Powell & Yellen together
The two biggest players in U.S. economic policy, Federal Reserve Chairman, Jerome Powell, and Treasury Secretary, Janet Yellen, made their first joint appearance together on Tuesday the 23nd of March, testifying in front of the U.S. House Committee. They quickly followed up their debut by speaking to the U.S. Senate’s Committee on Banking, Housing, and Urban Affairs on Wednesday.

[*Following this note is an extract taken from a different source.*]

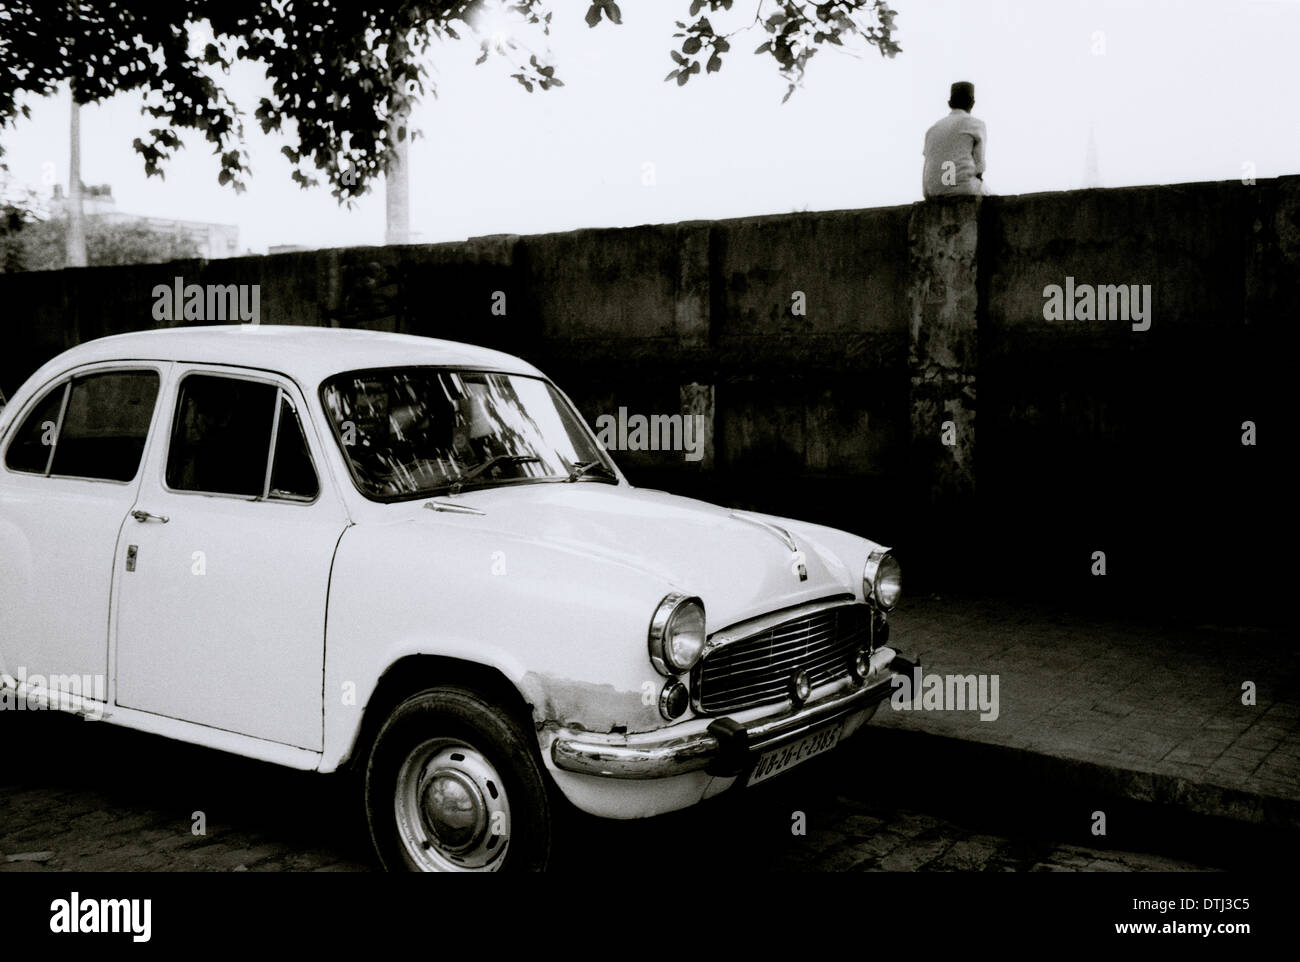 Hindustan Ambassador car in Kolkata Calcutta in West Bengal in India in South Asia. Surreal Surrealism Cars Transport History Indian Travel Stock Photo

In their respective statements, their messages to both chambers of Congress were unified: although there is some positive momentum in the economic recovery, there is a lot of work to do — specifically, more is needed to combat the damage of the COVID-19 related restrictions. The Treasury Secretary pointed out that the country is down nearly 10 million jobs from its pre-pandemic peak and that “we should be clear-eyed about the hole we’re digging out of.” The Fed Chairman stated that the “recovery is far from complete” and reaffirmed his loose monetary policy position outlined last week.
The Treasury will be aggressive in distributing pandemic relief funds and preparing a new infrastructure spending plan, and the Federal Reserve will not be slowing down their asset purchase program, nor raising interest rates any time soon.
Over the past two months Treasury yields have undergone a slow and steady climb due to expectations of inflation and a strong and immediate economic recovery. This week, Powell continued to pour water on these smoldering fires by stating that sectors hardest hit by the pandemic are still experiencing shortfalls and stating that he does not expect inflation to be “particularly large or persistent.”
One thing we know for certain is clear: both monetary and fiscal policy will continue to be let loose for the foreseeable future.